There are 7,500 varieties of apples grown throughout the world, and if you tried a new variety each day, it would take you 20 years to try them all.

Food Joke

I had just finished visiting a friend in the hospital and stopped by a burger drive-through for lunch to eat on the way back to work. I ordered the #1 combo for $4.29. She said "that'll be $4.83, please drive forward." "$4.83? For a $4.29 meal? That's 54 cents tax!? That can't be right," my mind raced. Tax is 8 cents on the dollar in Huntsville, Alabama and for 4 dollars that would be 32 cents plus 1/3 of 8 cents would be 35 cents max. I'd heard of window workers overcharging drive through customers and skimming the money for themselves. Someone did just that to me at a Hardees couple of years ago.
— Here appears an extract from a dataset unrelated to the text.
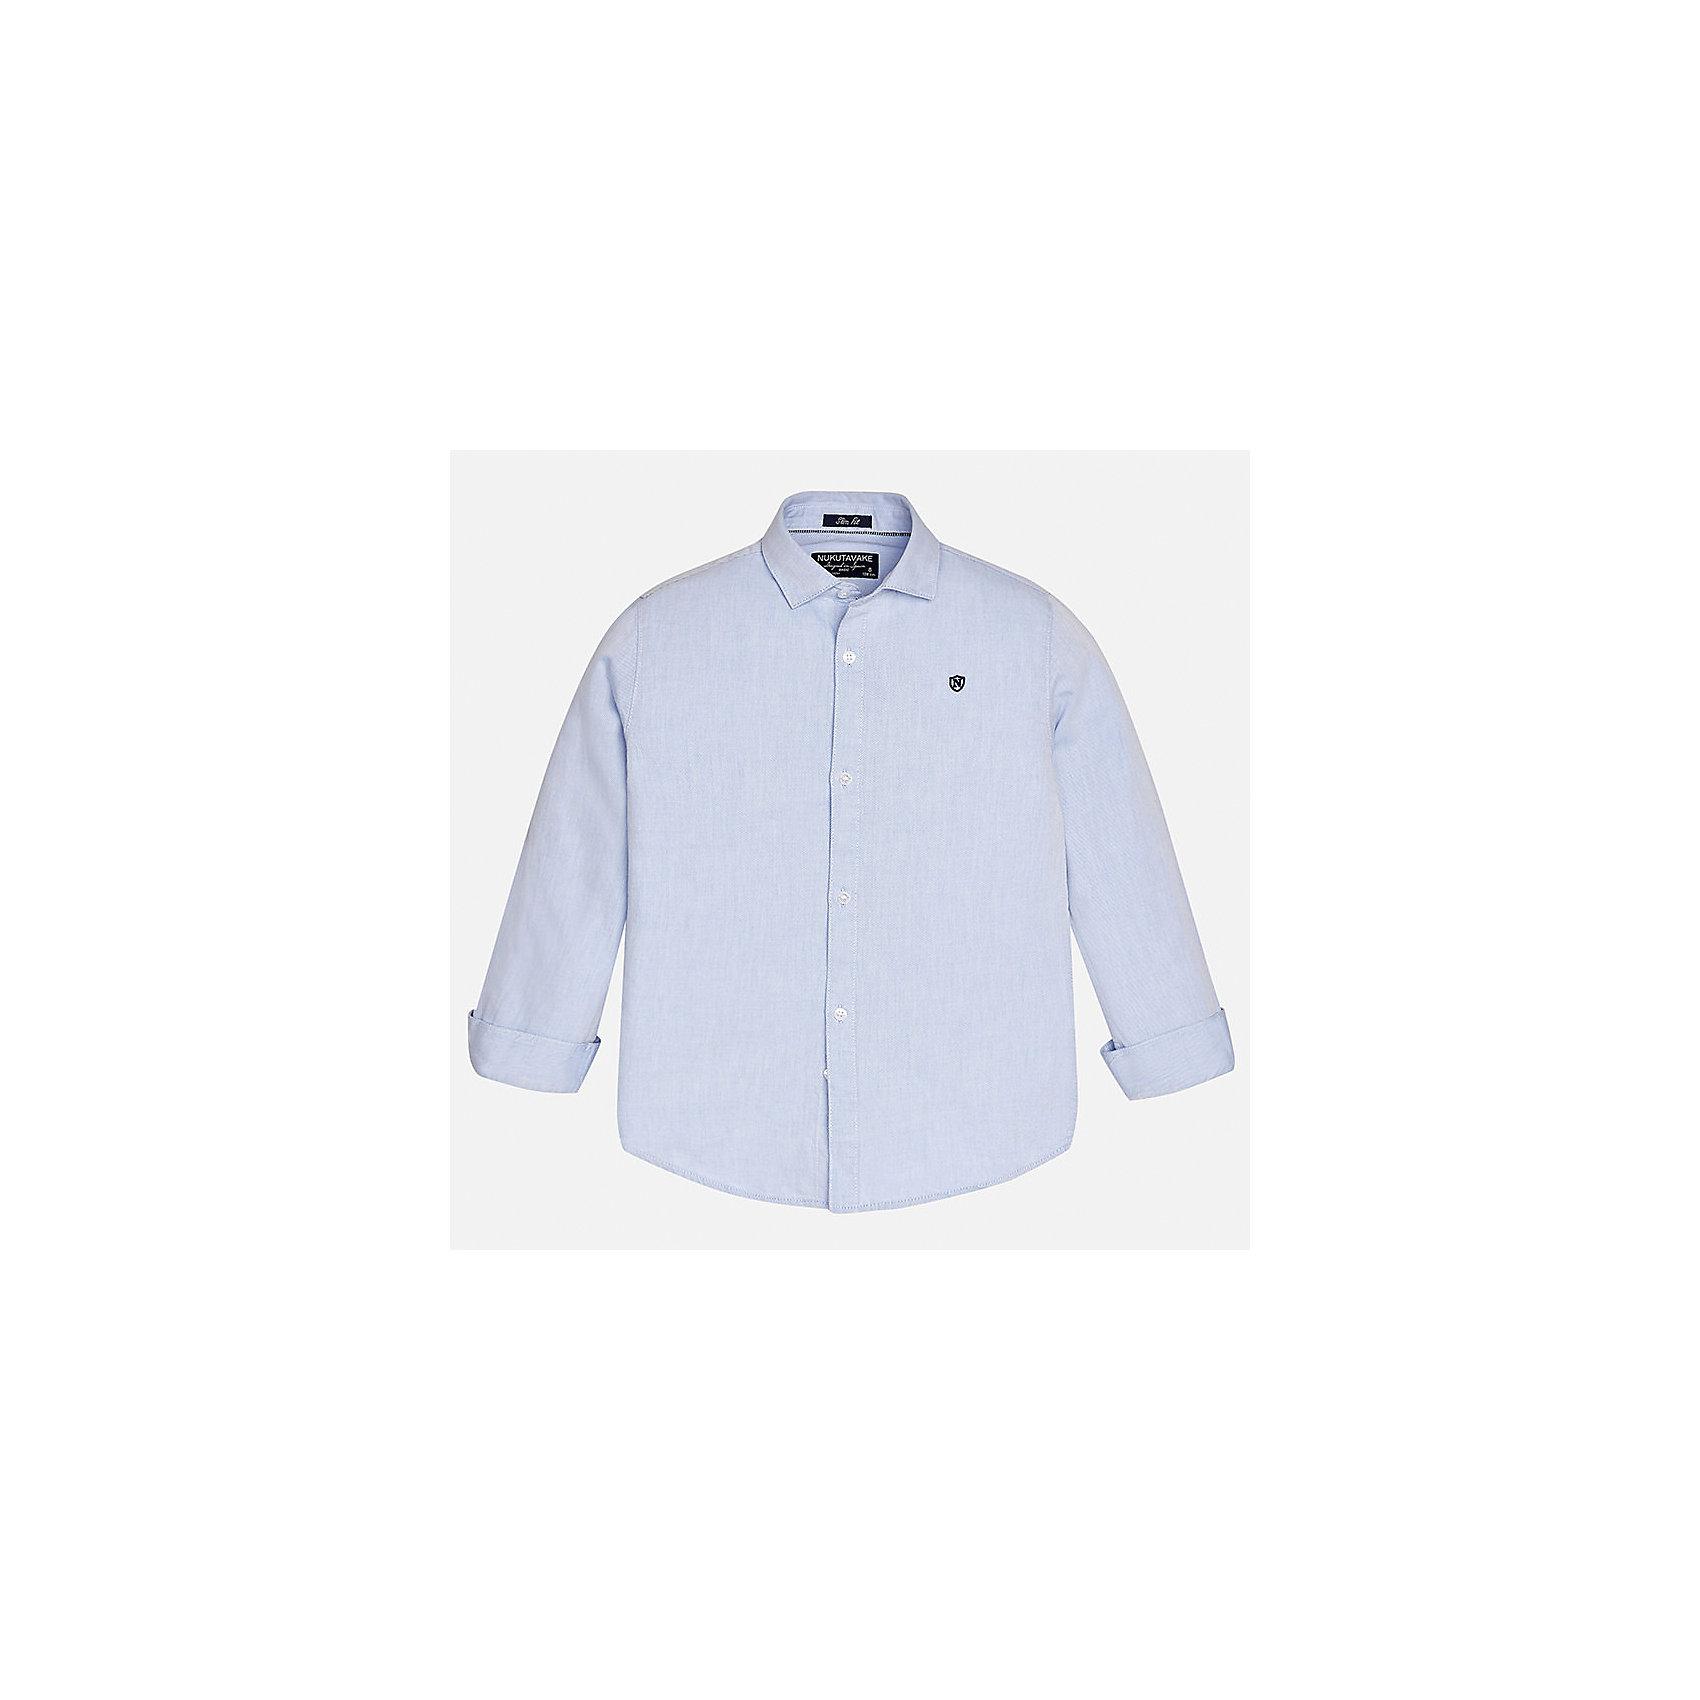 Рубашка для мальчика MayoralБлузки и рубашки<br>Характеристики товара:<br><br>• цвет: голубой;<br>• состав ткани: 100% хлопок;<br>• длинный рукав;<br>• однотонная<br>• сезон: круглый год;<br>•  школьная;<br>• страна бренда: Испания;<br>• страна изготовитель: Индия.<br><br>Рубашка для мальчика от популярного бренда Mayoral из натурального 100% хлопка, декорирована вышивкой в виде логотипа на груди. Очень практичная и долгая в носке, цвет нетускнеет. Благодаря акктуальною крою slim fit (немного зауженной к низу), можно носить как заправленную в брюки, так и на выпуск, смотрится аккуратно и стильно. <br><br>Для производства детской одежды популярный бренд Mayoral используют только качественную фурнитуру и материалы. Оригинальные и модные вещи от Майорал неизменно привлекают внимание и нравятся детям.<br><br>Рубашку  для мальчика Mayoral (Майорал) можно купить в нашем интернет-магазине.<br><br>Ширина мм: 174<br>Глубина мм: 10<br>Высота мм: 169<br>Вес г: 157<br>Цвет: голубой<br>Возраст от месяцев: 168<br>Возраст до месяцев: 180<br>Пол: Мужской<br>Возраст: Детский<br>Размер: 170,128/134,140,152,158,164<br>SKU: 6932265

I didn't have my calculator watch so I got a pen and paper and did the long division since there were 2 cars ahead of me. Let's see ... 483/429 ... over 12 percent tax!? When I got to the window I handed her a 5 and said "what's the sales tax in Huntsville?" She didn't know. I said "$4.83 for a $4.29 meal is 12 percent tax. That can't be right. Can I talk to the manager?" She gave me my change and called the manager. So the manager comes over. I ask what the sales tax is in Huntsville, and she says 8 percent. I say that I just paid $4.83 for a $4.29 meal and that's over 12 percent sales tax. She got a funny look on her face and said that maybe the computer had rung it up wrong or had charged me for the biggie size . She admitted it was supposed to be 4.63, and opened the drawer to give me my extra change. "HA!" I thought to myself. "Six years engineering school has so heightened my mental mathematical adeptness that I can do percentages in my head and my superior intellect has foiled a feeble attempt by a drive-through worker to overcharge me!" So what did this mathematical wizard do next? I took the twenty cents she handed me, proud of my staggering genius, and smugly drove off without my food.